**About this task**
All entries below must be written out verbatim, and the images must be dropped.
- Opening Delimiter -
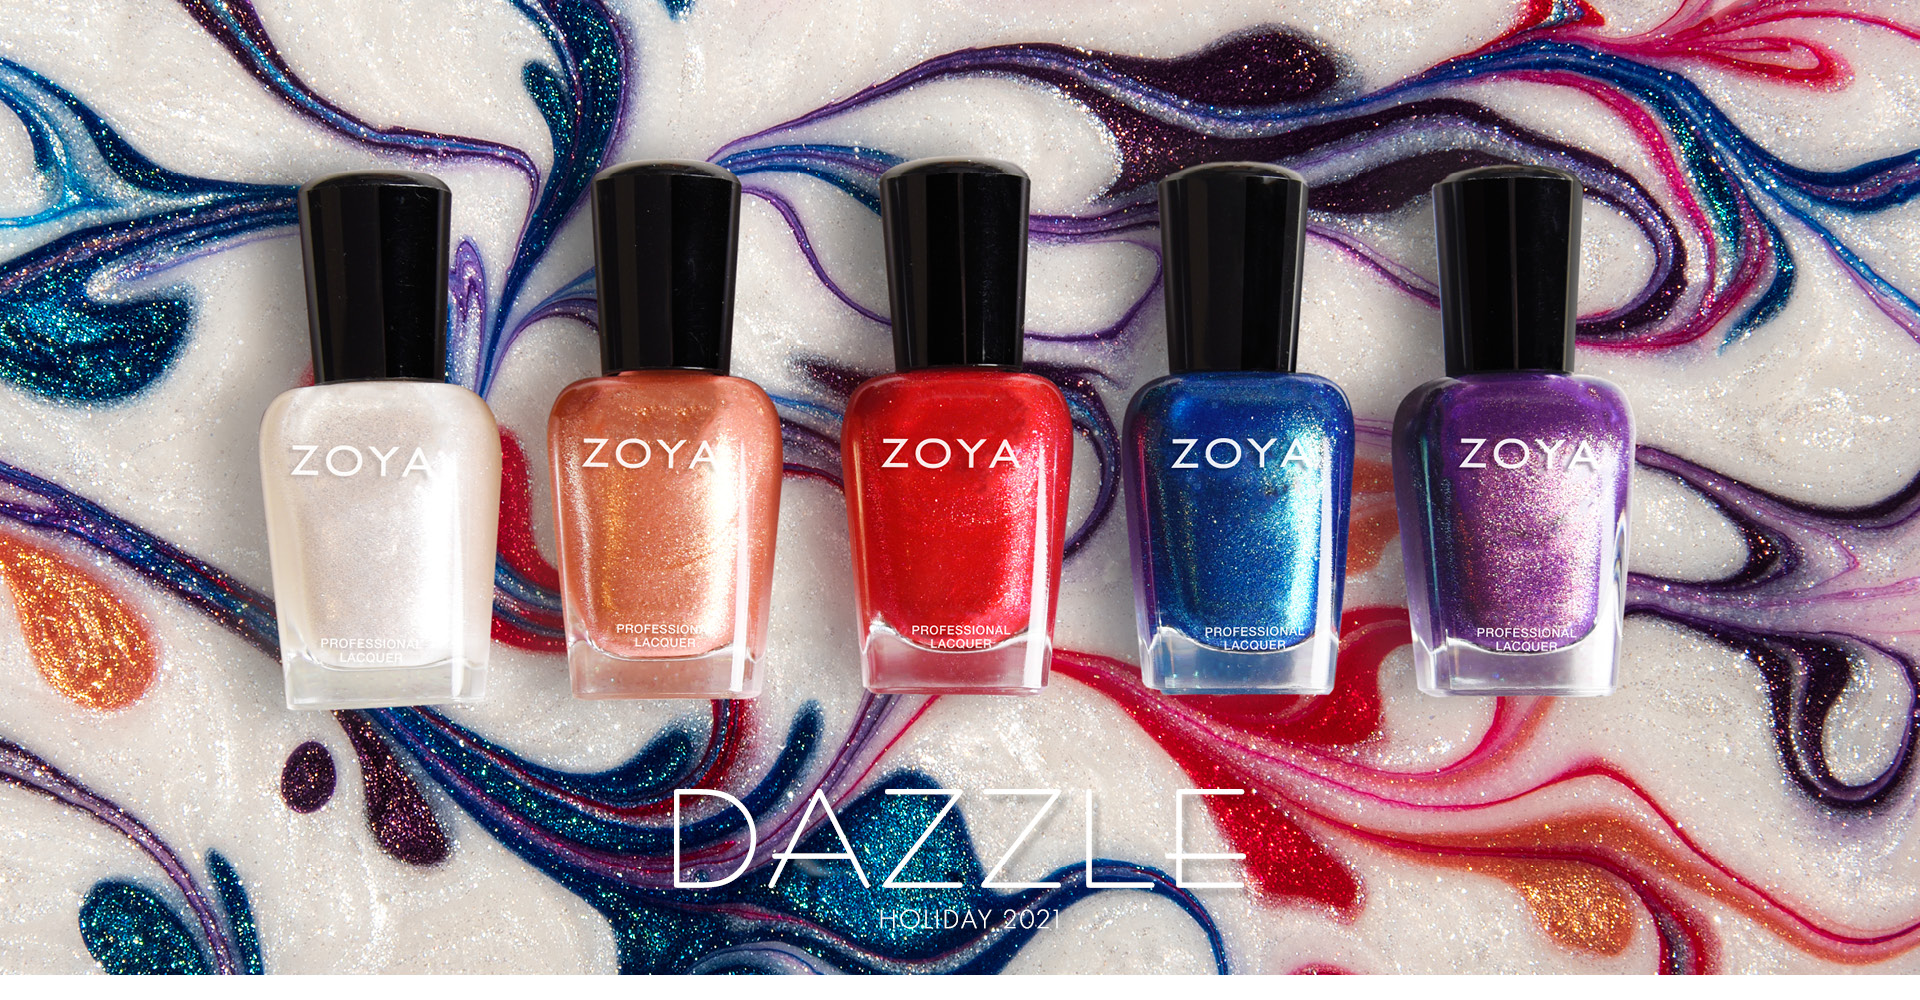 5 ZOYA Nail Polish Colors for 2018 - Zoya Manicure Looks
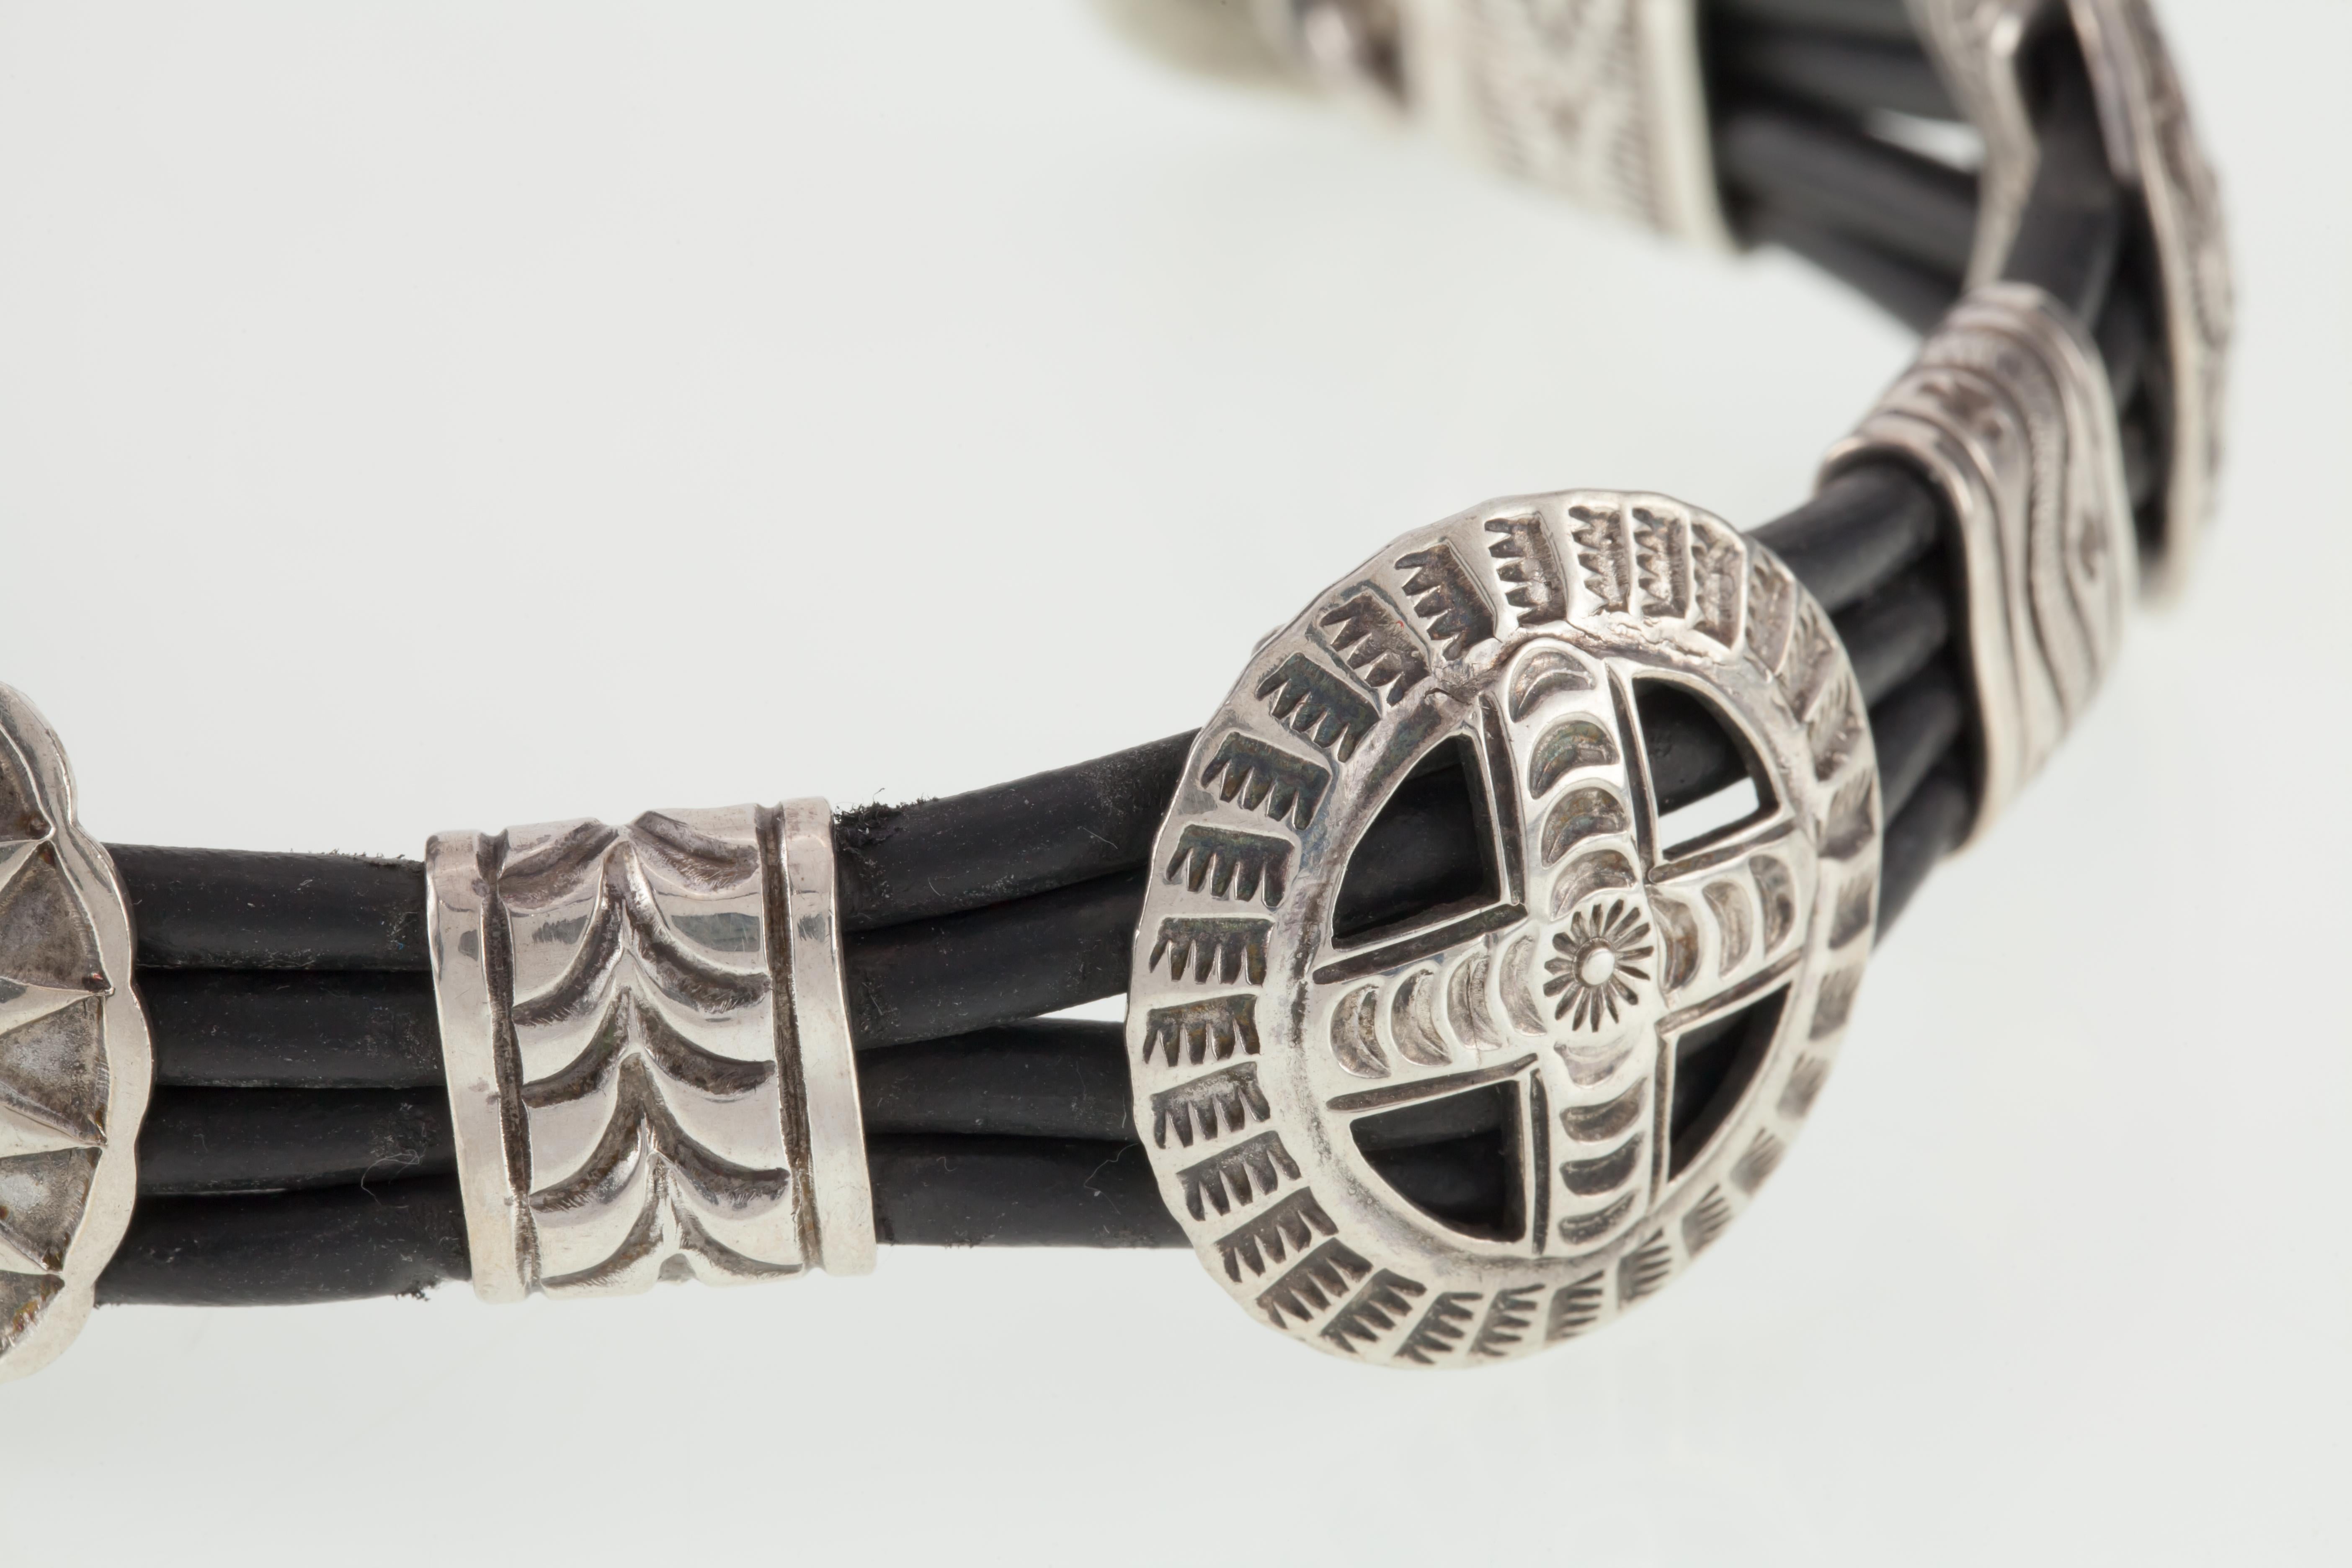 Gorgeous Navajo Sterling & Leather Bracelet
Features a Hand Stamp Design Solar Cross 
Width of Bracelet = 25 mm
Total Length = 7.25
- Closing Delimiter -
**Written answer**
 5 ZOYA Nail Polish Colors for 2018 - Zoya Manicure Looks
 Gorgeous Navajo Sterling & Leather Bracelet
Features a Hand Stamp Design Solar Cross 
Width of Bracelet = 25 mm
Total Length = 7.25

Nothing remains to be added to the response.